8.8 Audit; Late Payments.

(a) Each Party shall have the right to have an independent certified public accounting film of internationally recognized standing, and reasonably acceptable to the other Party, provided with access by such other Party during normal business hours, and upon reasonable prior written notice, to examine only those records of such other Party (and its Affiliates and Sublicensees) as may be reasonably necessary to determine, with respect to any Calendar Year ending not more than [*] ([*]) years prior to the auditing Party’s request, the correctness or completeness of any payment made or statement submitted under this Agreement. Such examinations may not (i) be conducted more than once in any [*] ([*]) month period (unless a previous audit during such [*] ([*]) month period revealed an underpayment with respect to such period or an incorrect statement submitted by the audited Party in respect of such period or the audited Party restates or revises such books and records for such period) or (ii) be repeated for any Calendar Year.

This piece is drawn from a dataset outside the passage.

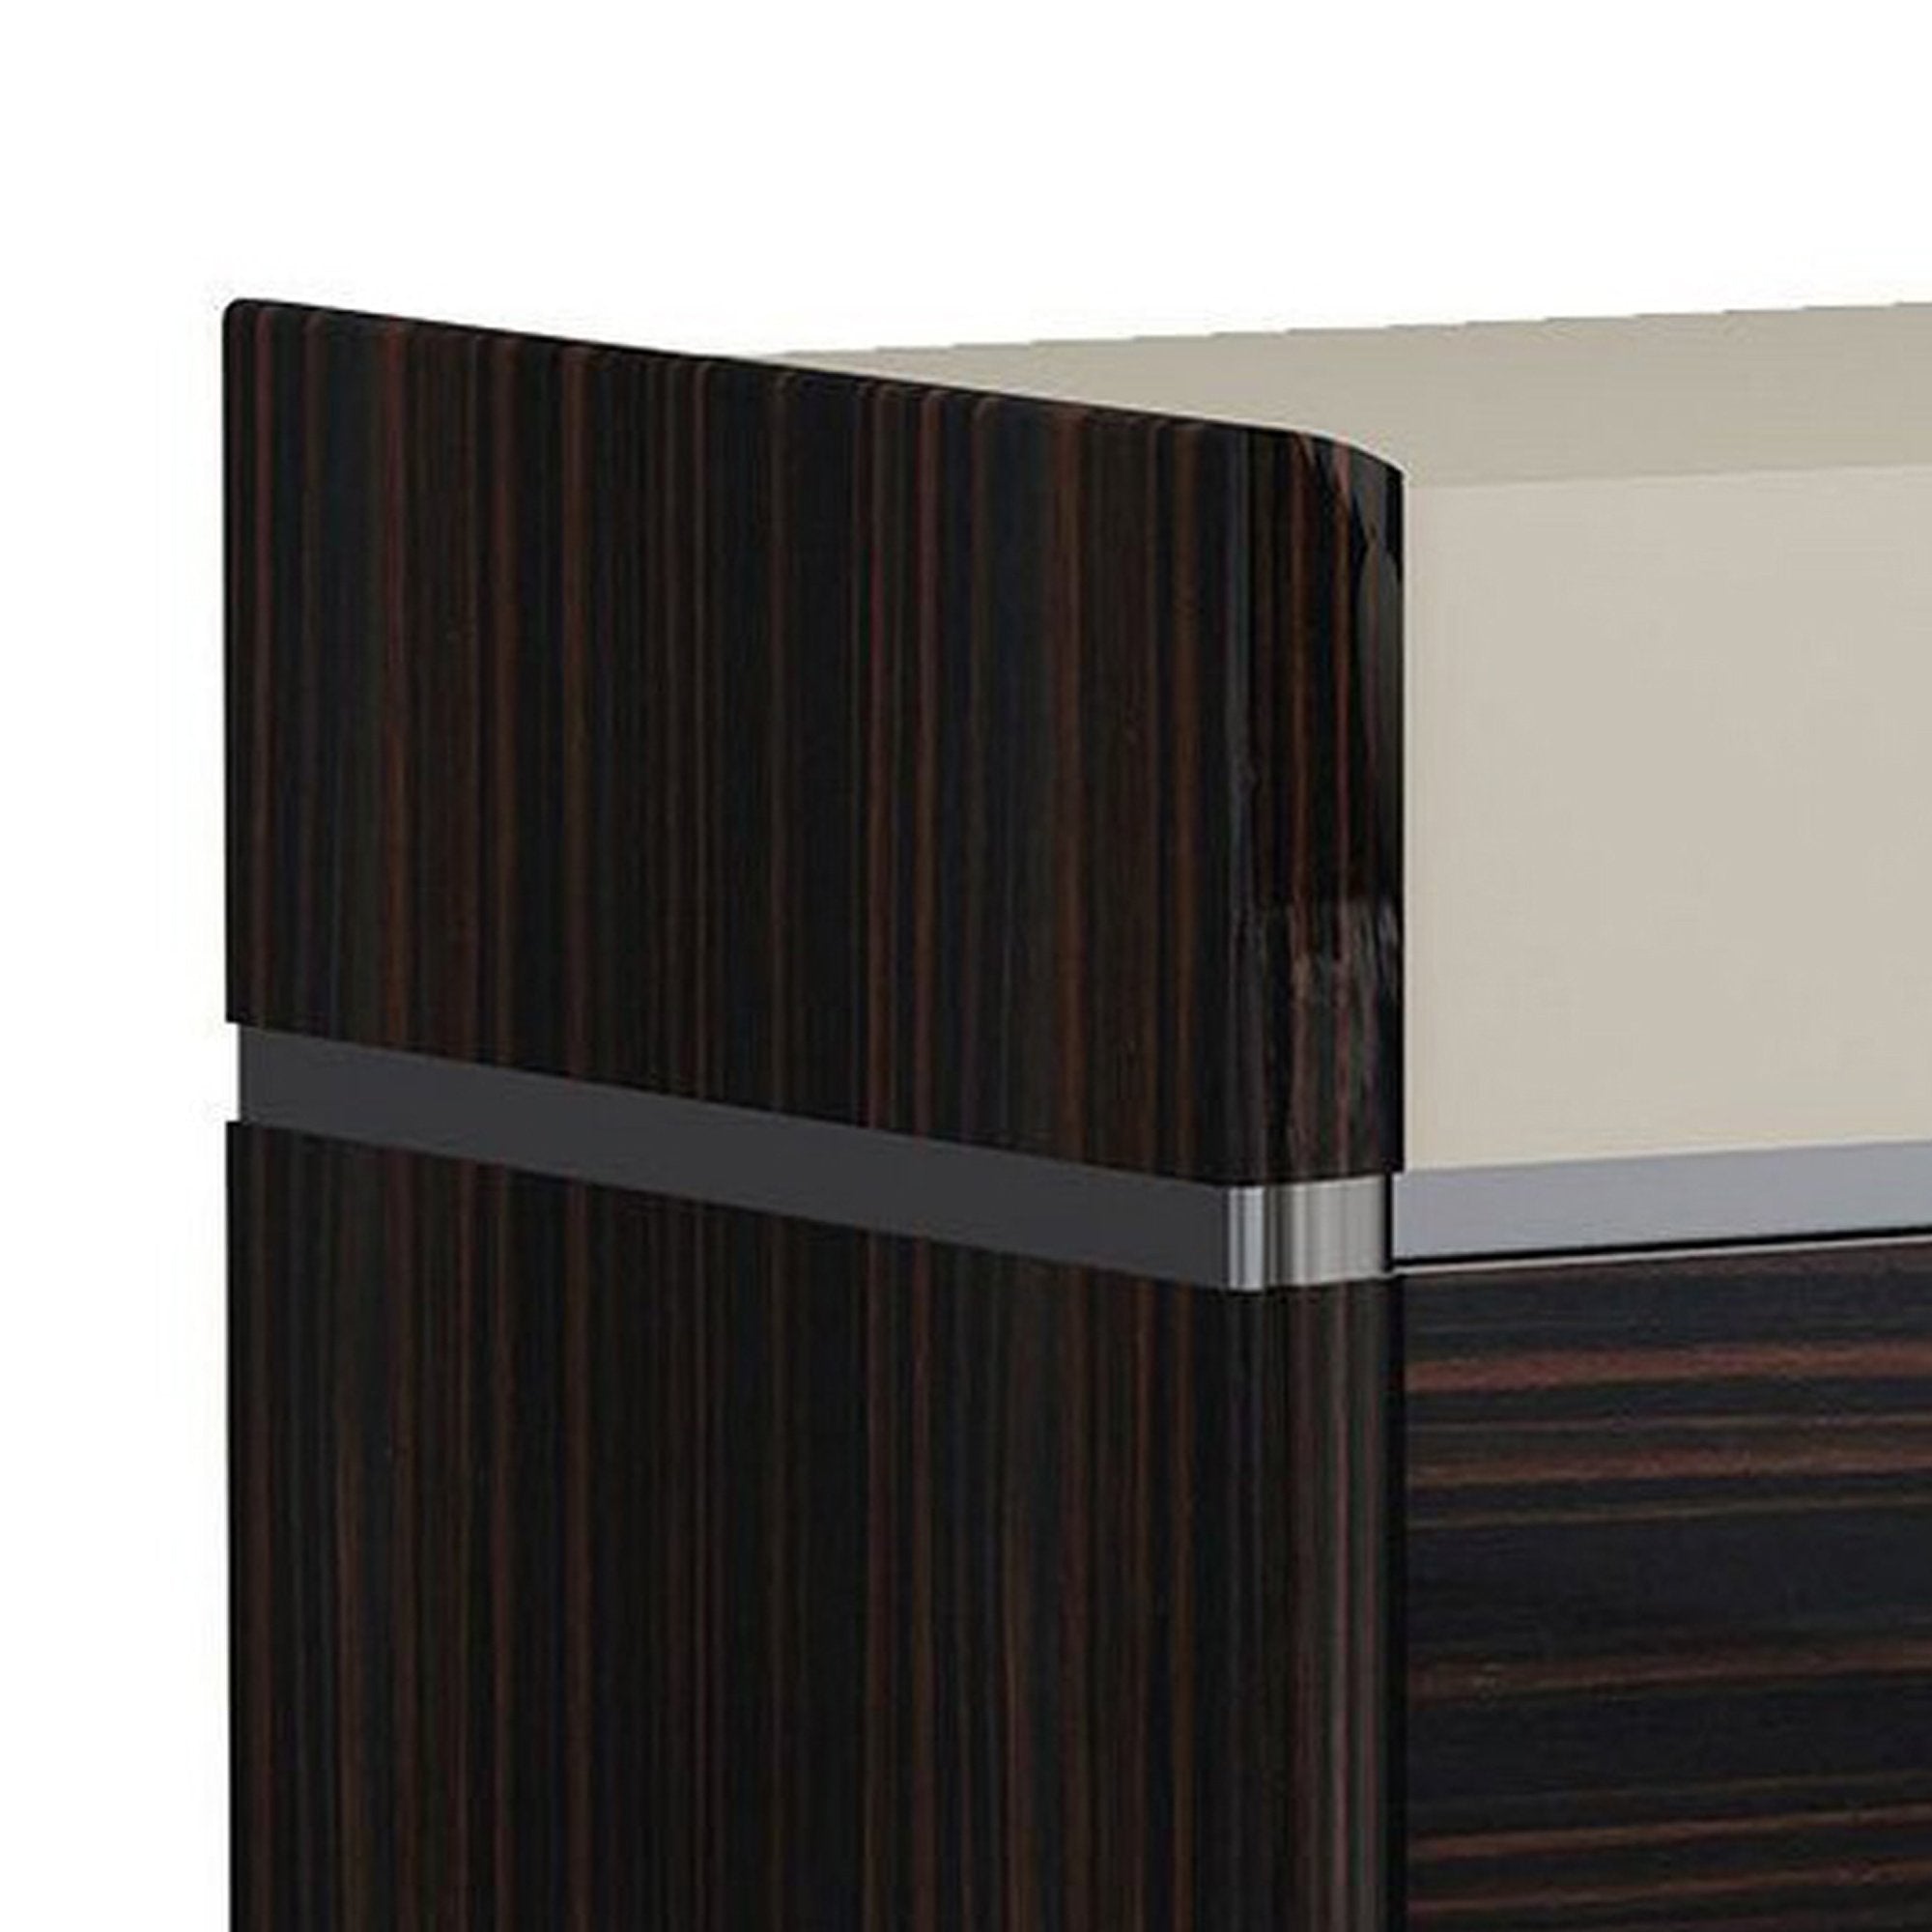 Benzara BM226961 2 Drawer Nightstand with Grain Details and Plinth Base

Results of such audit shall (i) be (A) limited to information relating to the Compound and Products, (B) made available to both Parties in writing, and (C) subject to Article V and (ii) not reveal any specific information of the audited Party to the auditing Party other than (A) whether the audited Party is in compliance with its payment obligations under this Agreement or whether statements submitted by the audited Party under this Agreement are true and correct, as the case may be, and (B) the amount of any additional payment owed to the auditing Party or excess payment reimbursable to the

 

* Confidential treatment requested; certain information omitted and filed separately with the SEC.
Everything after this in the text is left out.